In the fall of 2018, the city of Asbury Park became the sixth New Jersey municipality to be recognized as a Champion of the Coast by the Society. The recognition followed Asbury Park’s adoption of an ordinance banning intentional balloon releases, marking the third action in a series required by the Society to achieve Champion of the Coast status.
“We have a significant responsibility to provide leadership that will protect our coastal economy and a healthy ocean,” stated Asbury Park Mayor John Moor. “The collective Champion of the Coast actions put forth by the Society help us fulfill that responsibility.”
“The Champions initiative has always been about showing that our local communities support actions that are vital to the health of our coast and ocean,” said Helen Henderson, Ocean Program Manager for the Society. “Preventing pollution from balloon releases and educating about other forms of marine debris is a critical component to cleaner waters.
"We are grateful to have Asbury Park join us in support of this new website and continue to lead the way for healthy oceans in New Jersey and throughout the Mid-Atlantic region.”
Both the Society and Asbury Park see the new website and partnership as an excellent way to help people not only further understand the harmful effects of balloons to the environment, but also to offer alternatives to celebrate, remember, or honor individuals or groups – such as healthcare heroes and first responders – during the COVID-19 Pandemic.
Additionally, they are reminding individuals to dispose of Personal Protection Equipment (PPE) responsibly during this challenging time.
“While you protect your health and safety, please remember to also protect the environment by properly disposing of your gloves and masks in a trash receptacle,” said Henderson. “It’s an easy but important action for us all to help prevent further pollution entering our waterways and ocean.”
Beyond the Champions of the Coast program, the American Littoral Society supports regional ocean planning and works with the Mid-Atlantic Regional Council on the Ocean (MARCO) on many issues, including as a member of the Marine Debris Workgroup.
MARCO was founded in 2009 by the Governors of New York, New Jersey, Delaware, Maryland, and Virginia via the signing of the Mid-Atlantic Governors’ Agreement on Ocean Conservation. The Agreement established the Mid-Atlantic Regional Council on the Ocean (MARCO) as a partnership to address shared regional priorities and provide a collective voice.
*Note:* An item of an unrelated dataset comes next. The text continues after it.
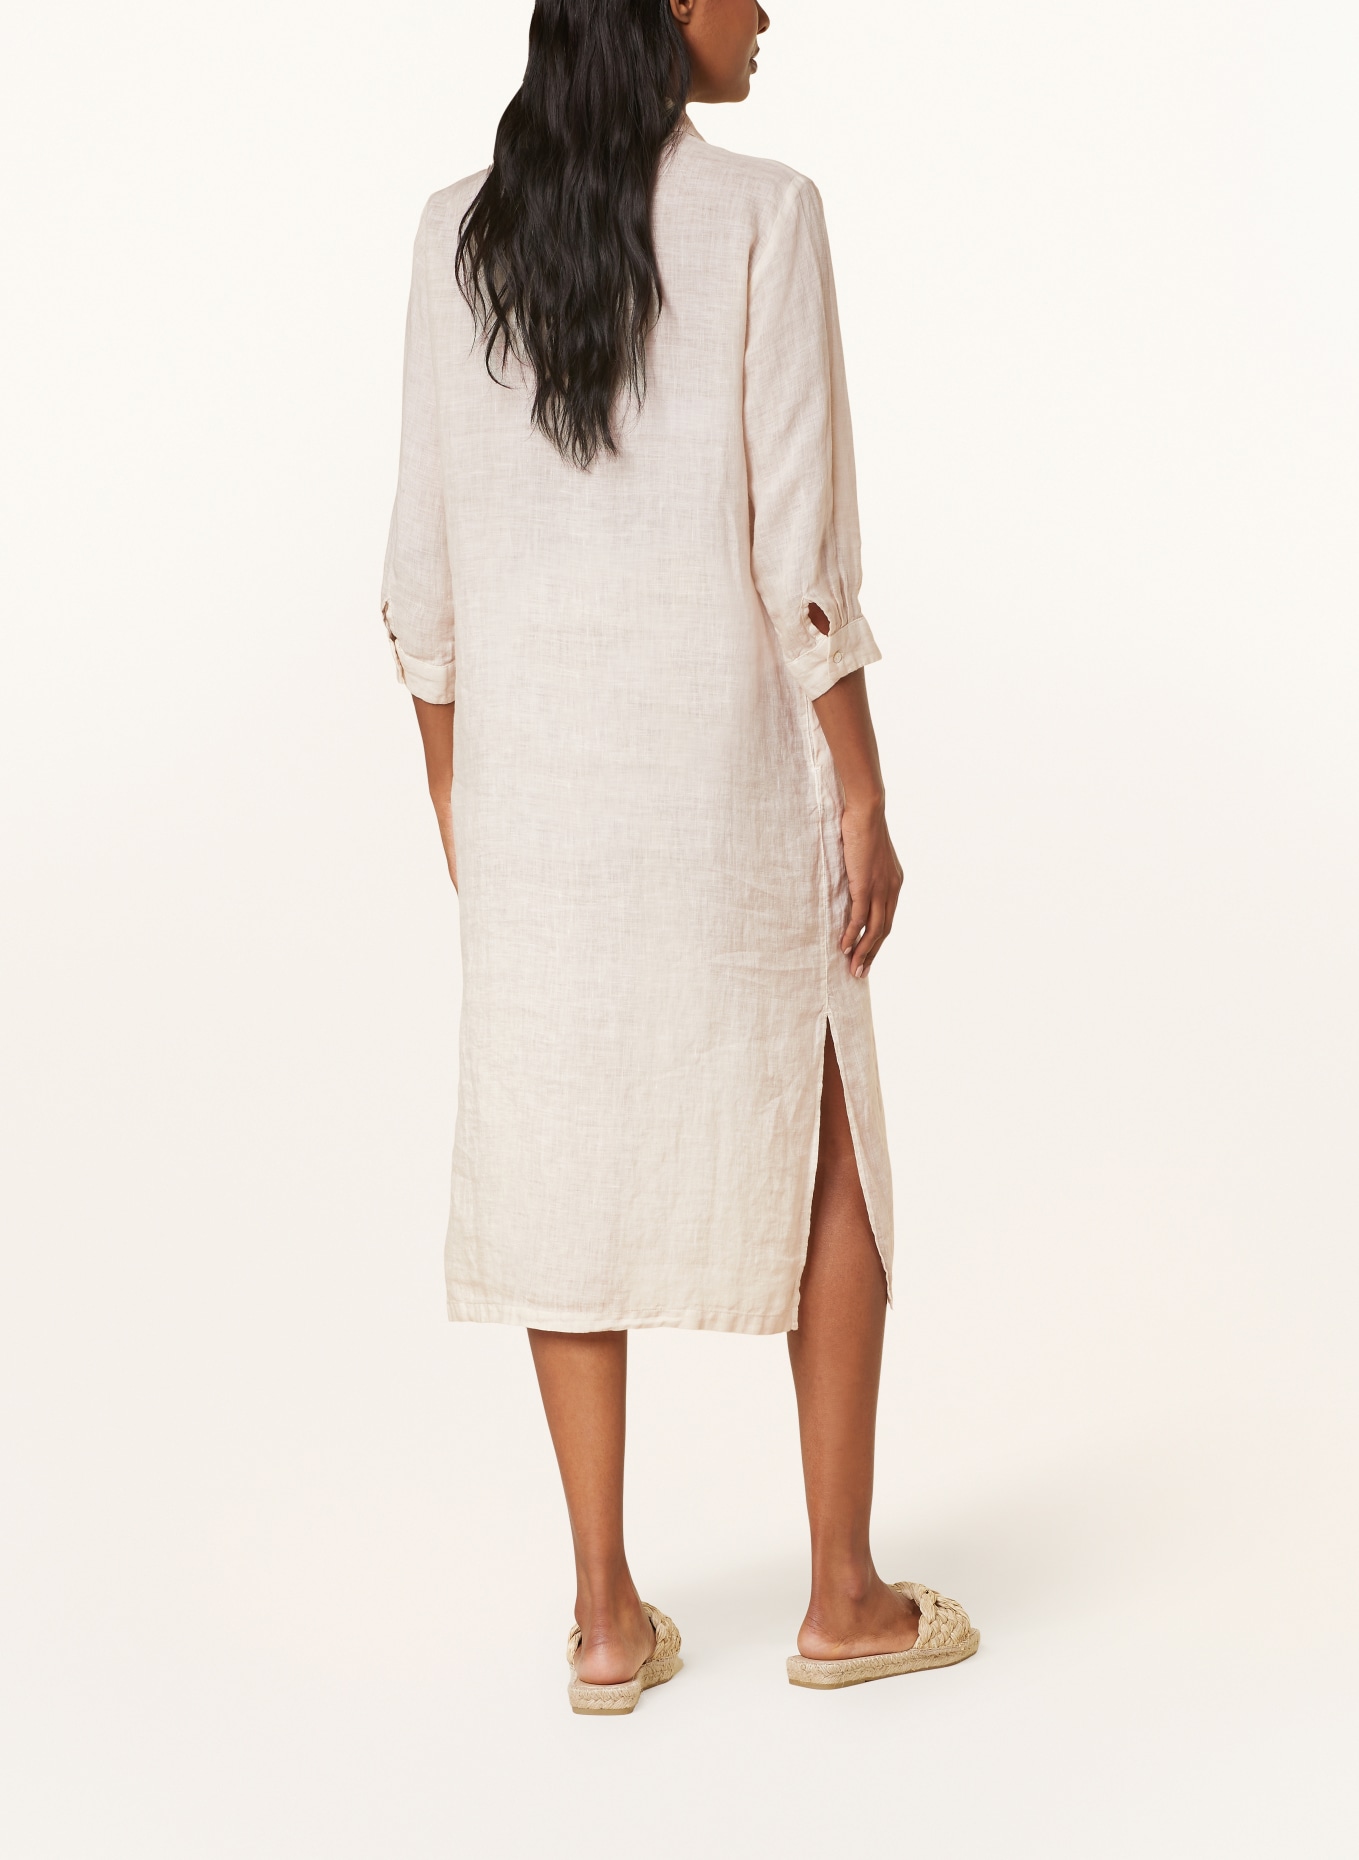 120%lino Beach dress made of linen, Color: CREAM (Image 3)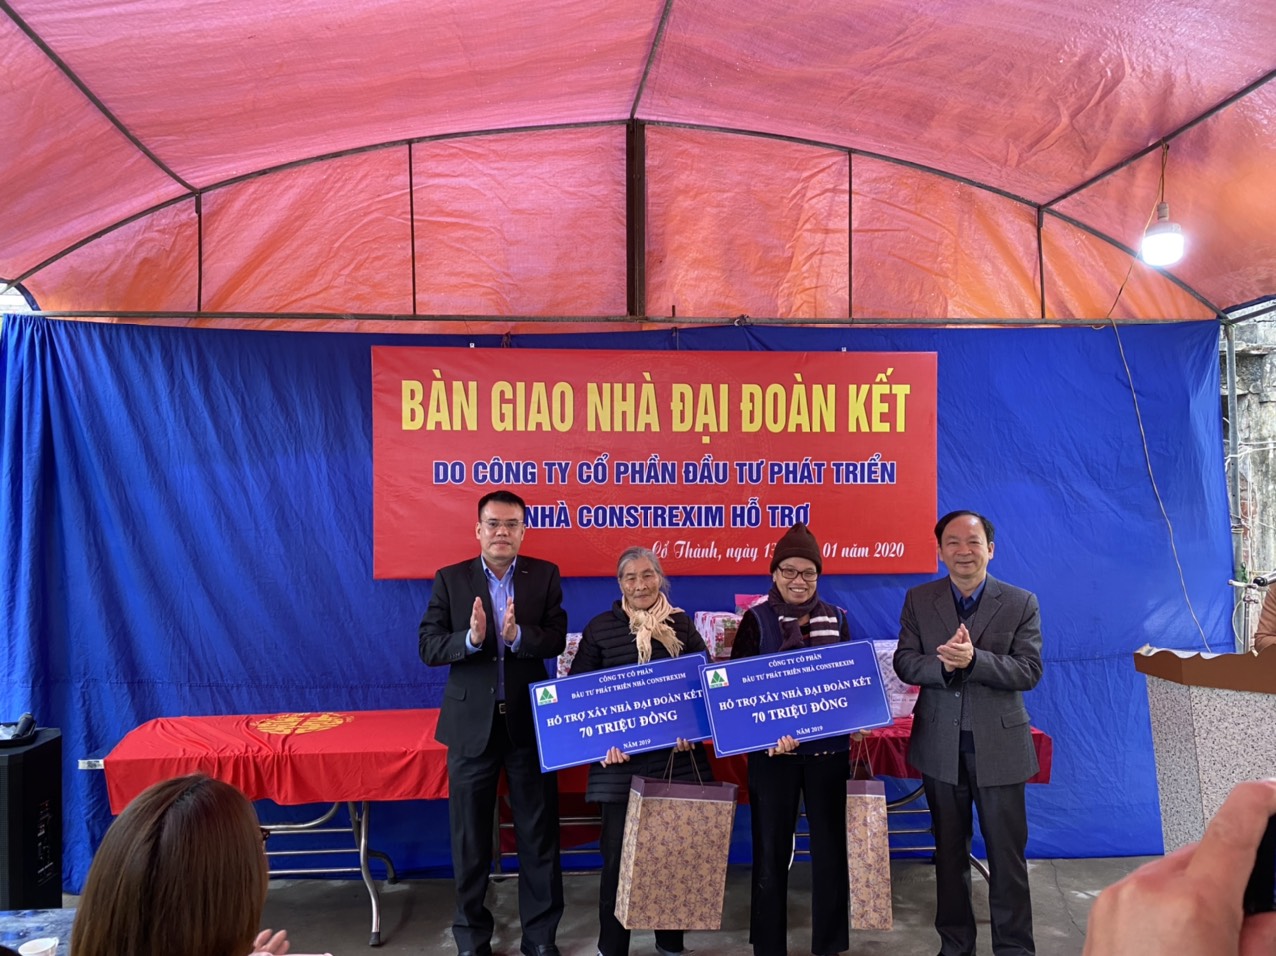 Trao tặng nhà đại đoàn kết cho các gia đình có hoàn cảnh khó khăn tại thành phố Chí Linh, tỉnh Hải Dương năm 2020

The 5 states of New York, New Jersey, Delaware, Maryland, and Virginia work together on four shared regional priorities including climate change adaptation, marine habitats, renewable energy, and water quality.
The MARCO Marine Debris Work Group is focused on addressing the problem of marine debris by collaborating across multiple levels of government, with partners in the private sector, and with members of the public.
In 2017, the Work Group began their “Balloon Release Reduction Campaign” by convening a Mid-Atlantic Regional Marine Debris Reduction Workshop to develop options for a regional strategy to discuss potential regional projects and collaborations, and in 2018 MARCO received a NOAA Marine Debris Prevention Grant to complete a project to expand on Virginia CZM’s community based social marketing campaign to reduce mass balloon releases at celebratory events.
“Balloon marine debris is of immediate concern to the Atlantic Coast because of its potential deadly effects on marine wildlife through ingestion and entanglement” according to the website. “Balloons are unique among all the man-made litter because helium-filled balloons (and their attachments including plastic valves, disks and ribbons) are a form of litter that people sometimes purchase with the intent to release them into the environment.”